= TASK BRIEF =
Word-for-word transcription: reproduce all of the data, but not the pictures.

= SOURCE MATERIAL =

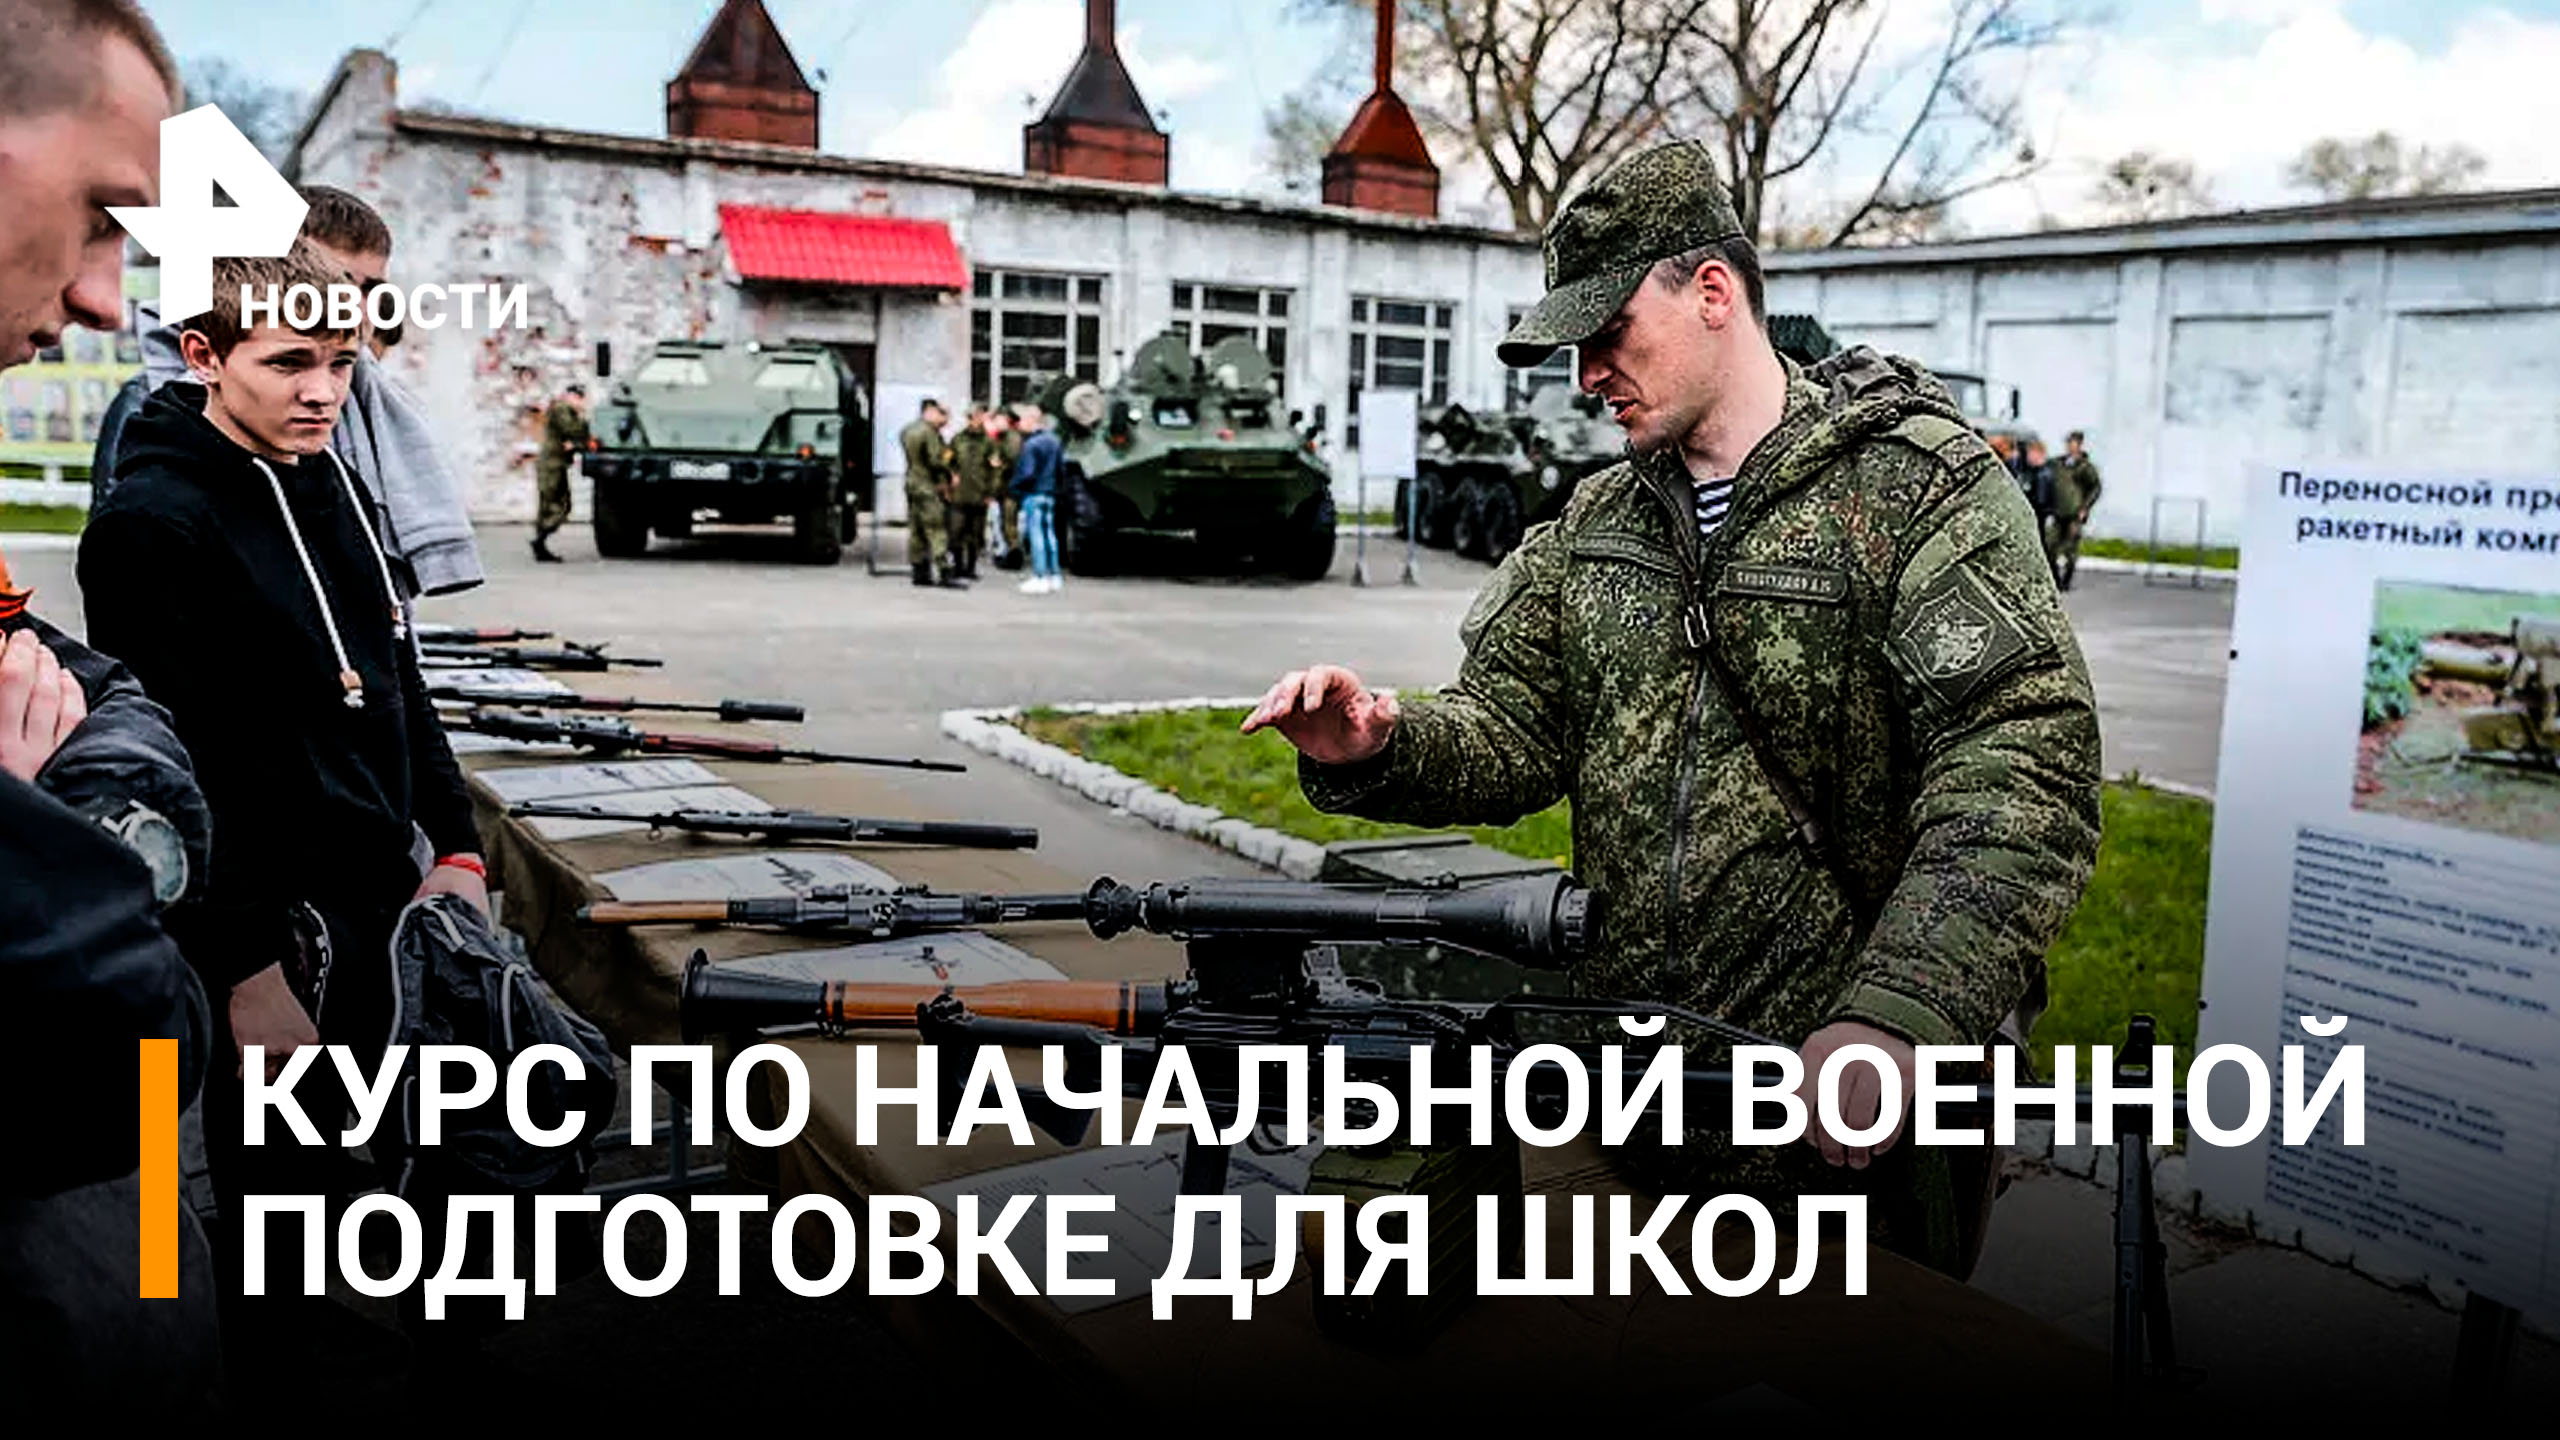 Что известно об идее ввести военную подготовку в школах / РЕН Новости
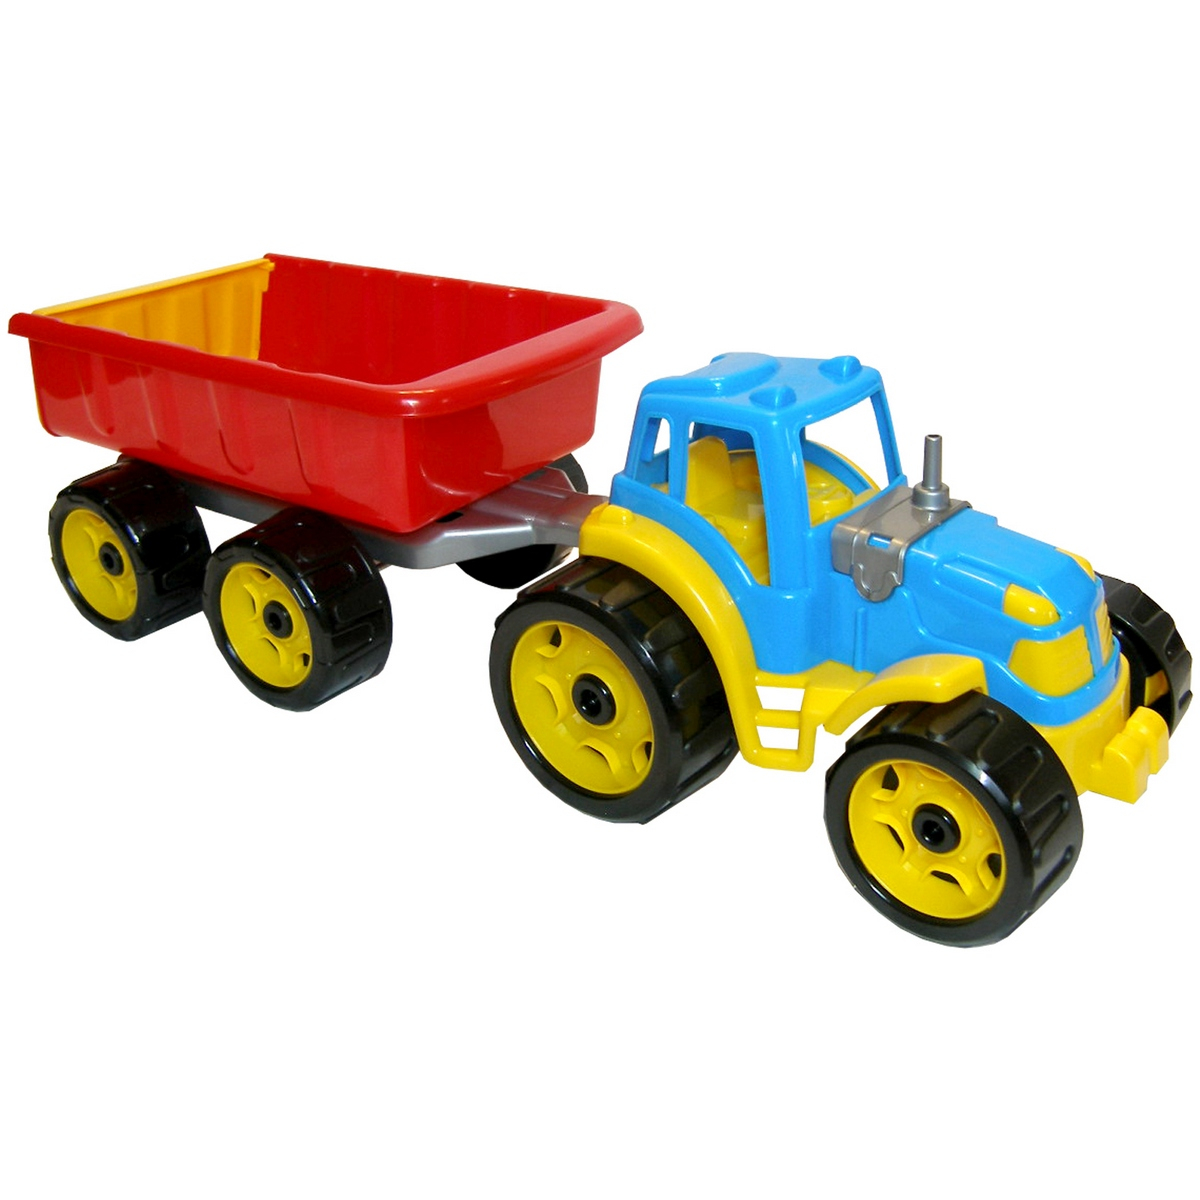 

Іграшка Трактор з причепом Технок Техно 3442
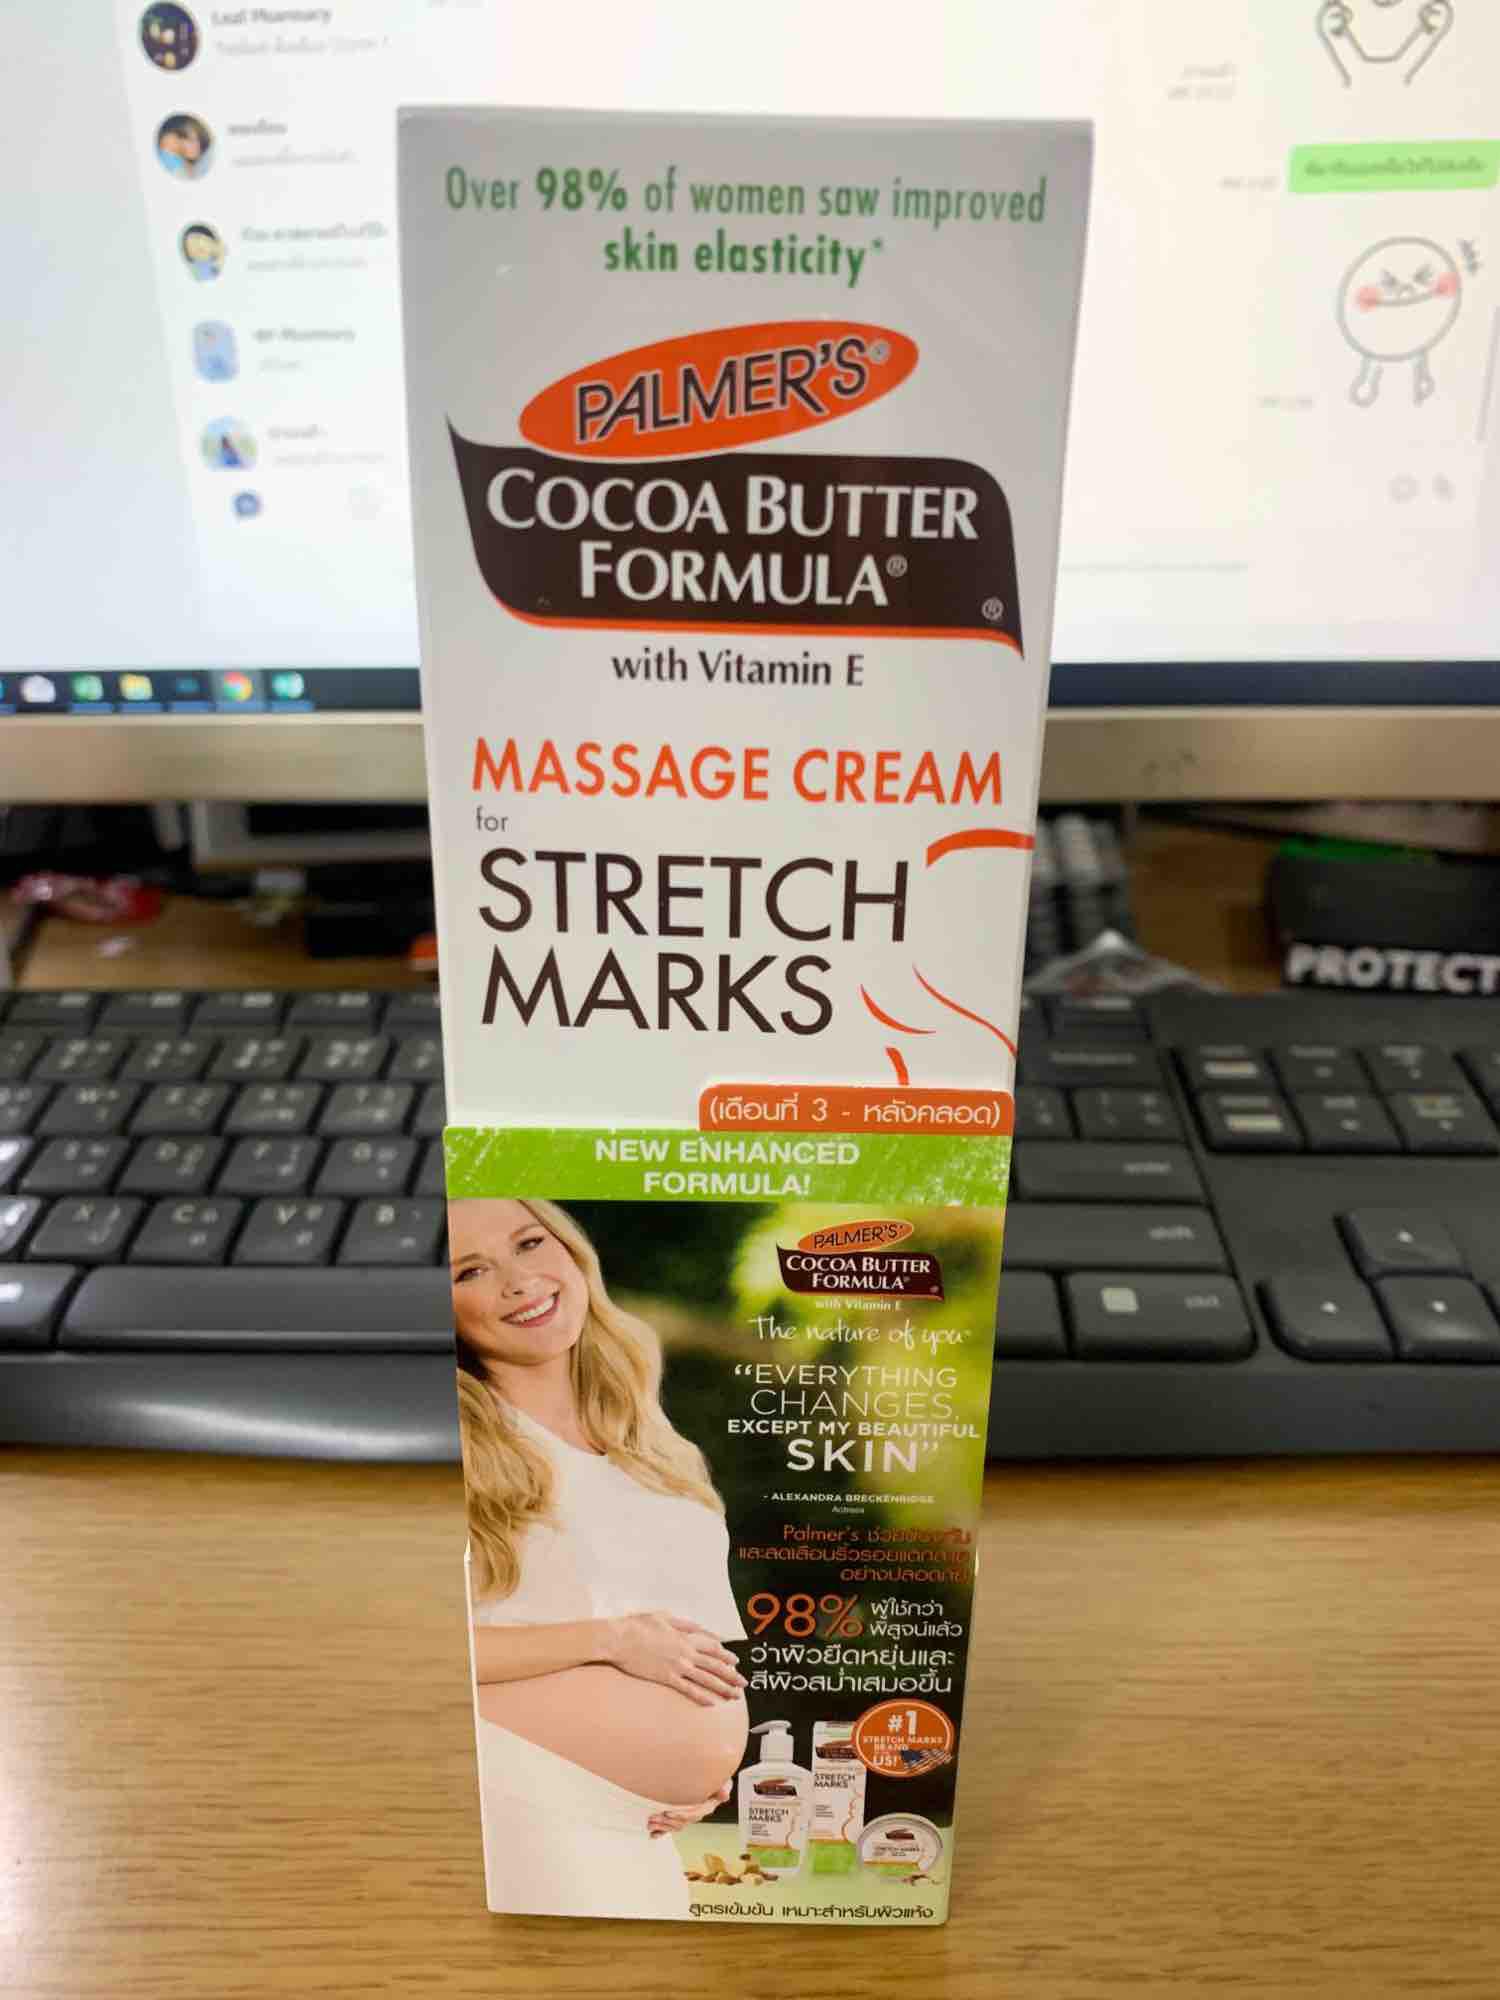 ซื้อที่ไหน Palmer‘s Cocoa Butter Formular Massage Cream for Stretch Marks Month 3 125 g. ครีมป้องกันผิวแตกลายเนื่องจากการตั้งครรภ์ เหมาะสำหรับครรภ์ที่เริ่มเดือนที่ 3 1 หลอด

= ANSWER TO THIS EXERCISE =
 Что известно об идее ввести военную подготовку в школах / РЕН Новости

Іграшка Трактор з причепом Технок Техно 3442
 ซื้อที่ไหน Palmer‘s Cocoa Butter Formular Massage Cream for Stretch Marks Month 3 125 g. ครีมป้องกันผิวแตกลายเนื่องจากการตั้งครรภ์ เหมาะสำหรับครรภ์ที่เริ่มเดือนที่ 3 1 หลอด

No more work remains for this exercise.